No lessons yet from Art School fire

The Grenfell fire inquiry reached the first of its grisly conclusions during the week. The fire service was blamed for encouraging people to stay put in the burning building – and, to be fair, that advice was based on the belief that an individual fire in a flat could be hermetically sealed, when the safety measures were woefully inadequate – and the flammable insulation cladding was the cause of the lightning spread of the fire to the upper floors and the deaths of 72 people.

Over the sound of fire alarms is me blowing my own trumpet. Shortly after the fire I revealed in the Sunday Herald that the same combustible insulation panels were used in the renovation of the Mackintosh building of the Glasgow School of Art, which burned down (for the second time) in June last year. It was of unusual severity and spread rapidly.

We don’t know the cause yet but is it too much to think these plastic-filled panels had something to do with the speed of the spread? We don’t know because the fire service investigation hasn’t yet been published, for some reason, and there has not been, unlike Grenfell, a public inquiry.

This is inexplicable and inexcusable, but credit to SNP MSP Joan McAlpine and her Holyrood committee for keeping alive investigation into it, and to Tory Adam Tompkins for calling for a public inquiry.

But that’s as far as it goes. No-one has been held accountable, and the people who presided over two fires on their watch are still in place and planning to oversee yet another renovation.

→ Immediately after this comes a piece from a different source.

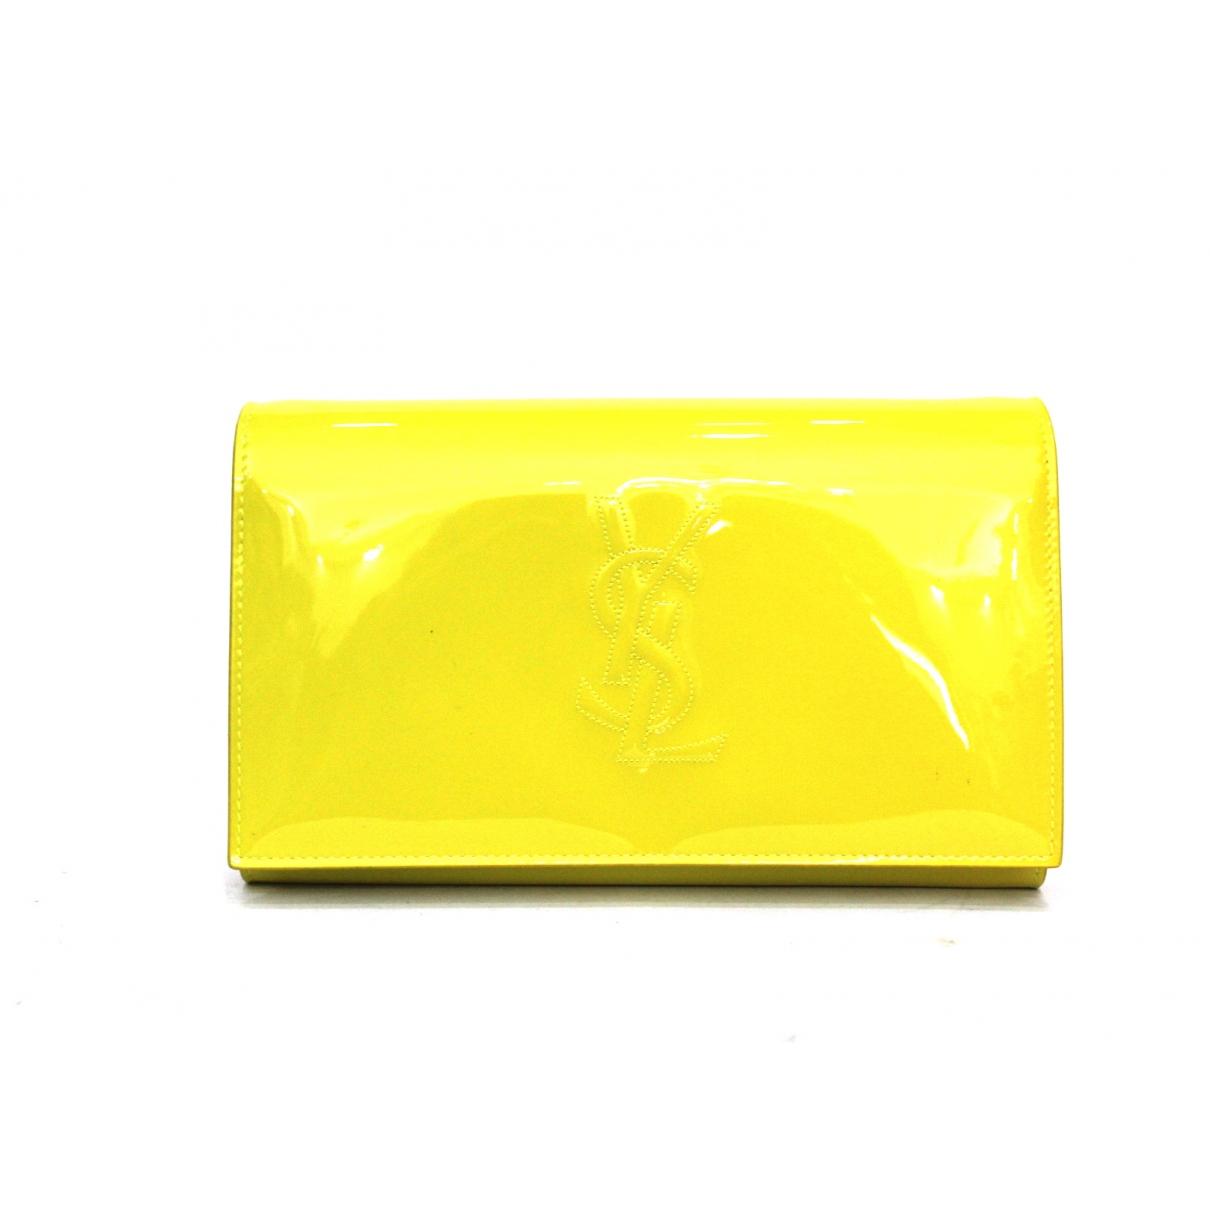 Yves Saint Laurent Belle de Jour Clutch in  Gelb Lackleder
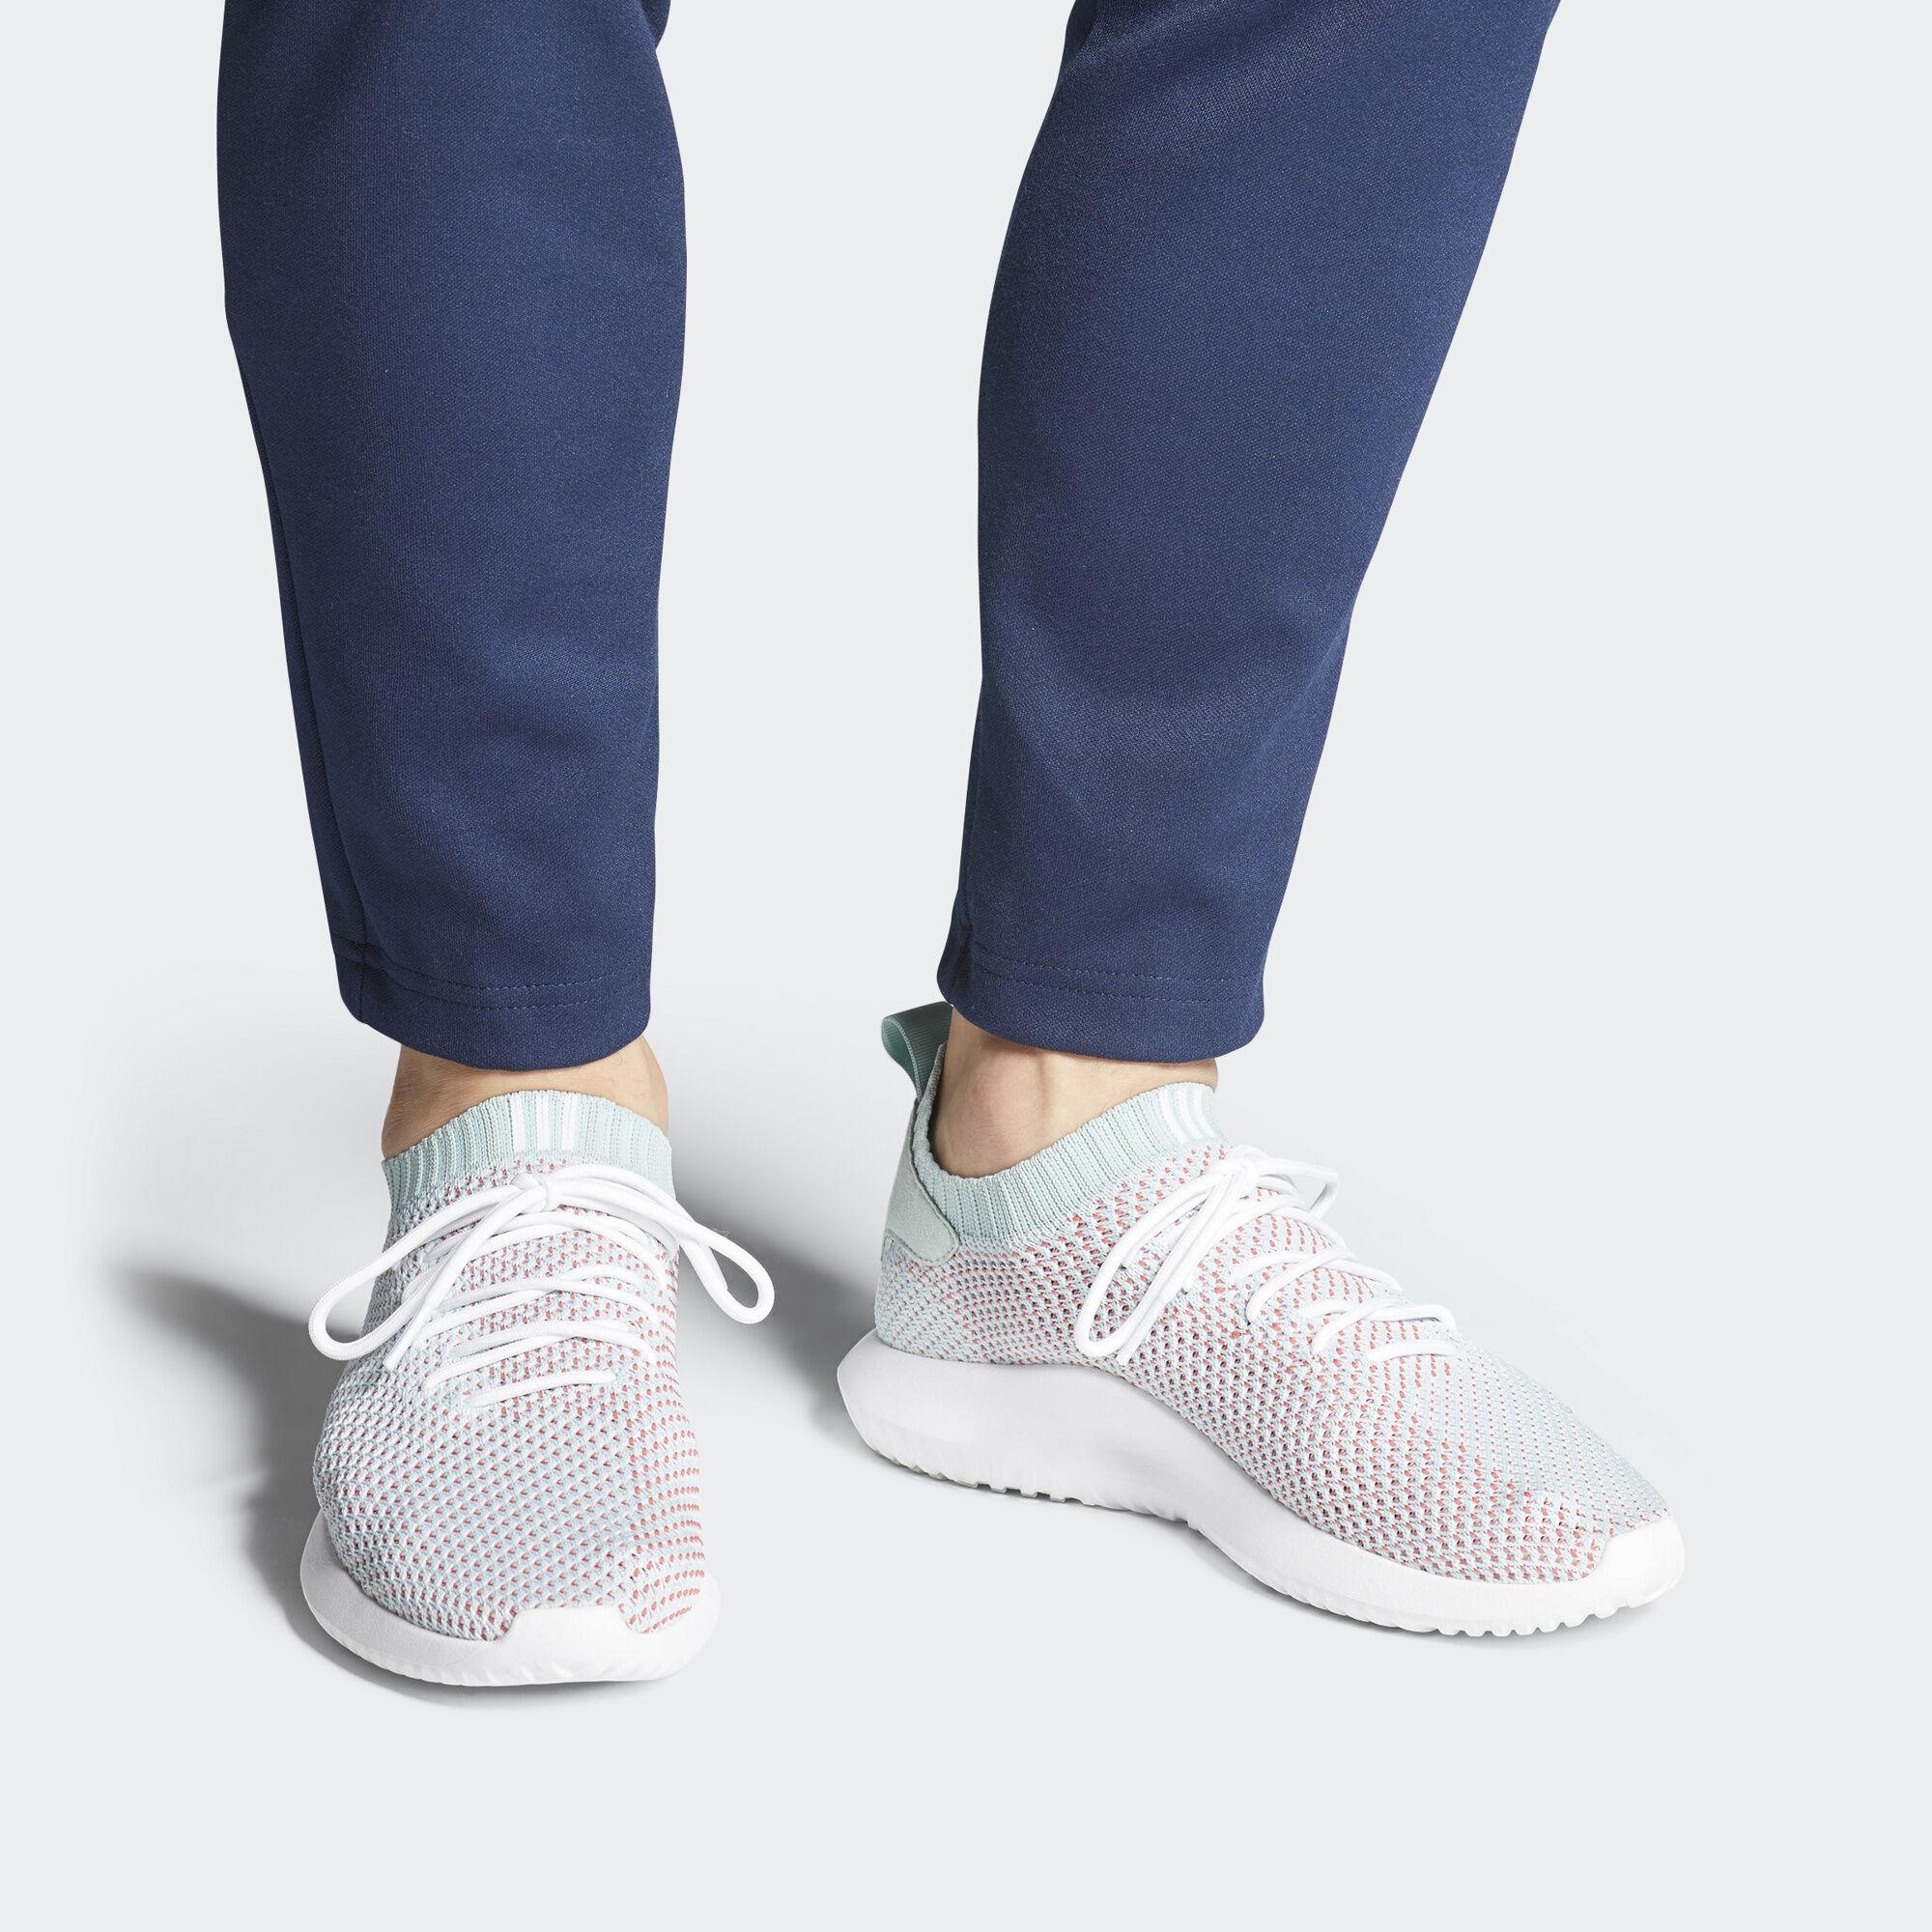 quality design ecb19 2ba24 adidas Tubular Shadow Primeknit Shoes - Black  adidas Switze

The people in charge may not have known or understood the dangers of the panelling. But it doesn’t even appear that lessons have been learned by the Scottish Government. Two years after Grenfell new regulations, which came into force last month, still permit flammable materials of the kind on Grenfell and hundreds of other buildings still to be used in Scotland, while they are banned in England.

As long as they pass the “utterly inadequate” (Association of British Insurers, the ABI) British Standard test 8414, they are allowed.

Thanks Evans for the Tories

Doesn’t your heart just go out to the constituents of Ribble Valley who, because of the election timing, may be deprived of their vote?

Okay then, no. The case put on Tuesday in Parliament by their Tory MP Nigel Evans, who has the demeanour of a starved whippet and the dog’s ability to quickly pounce on opportunistic targets, was that they wouldn’t be able to register for a postal vote because they might be trekking in the Himalayas or cruising, on the Yangtse or Amazon presumably, or at least where the post is something you tie your beast of transport to.

Good to know these Tories have us ordinary folk at the forefront of our minds.

Snow fair ... history is repeating itself

Well so much for the Fixed-Term Parliaments Act and the two-thirds majority when it can simply be dispensed with by passing a one-line bill.

Hopefully, then, this doesn’t mean that from now on we’ll be fighting through the snow in mid-December to vote in each future General Election.

The last one so close to Christmas was in the wake of the First World War, on December 14, 1918 when the low turnout – 57.2% – was probably to do with a combination of soldiers still abroad and the Spanish flu epidemic.

It was almost the last fixed, gerrymandered election, voting had been extended to women over 30 – as long as they owned a property or were a graduate – and to men over 21, although, of course, the majority of those who had fought for their country were probably below the age bar.

It was also the last election in the then the United Kingdom of Great Britain and Ireland. Three years later, almost to the day, British rule over the majority of Ireland ended and months after that the Irish Free State came into being. The Liberal Party also combusted and Labour moved into second place.

This time it looks as if Labour might follow the Liberals, at least in Scotland. I don’t know about history repeating itself as tragedy and farce, as Marx put it, but this may also be the last time that Scotland is involved in a UK election. I am searching for the betting odds.

Chocs away for the Mars

I wrote last week about the Mars, the boat that was moored for 60 years off Dundee, where children under 16 who were homeless, orphans or on the cusp of trouble were sent.

It’s lodged in the folk memories of Dundonians, even if they weren’t born when it was there.

My old chum Gordon Douglas wrote a book about it, lavishly illustrated, called We’ll Send Ye Tae The Mars, which can be bought on Amazon.

He took mild issue about the description that, although it educated and trained kids in a military fashion, it was effectively a “prison ship”.

Well, kids were sentenced to serve there, whether they wanted to go or not, so they were incarcerated.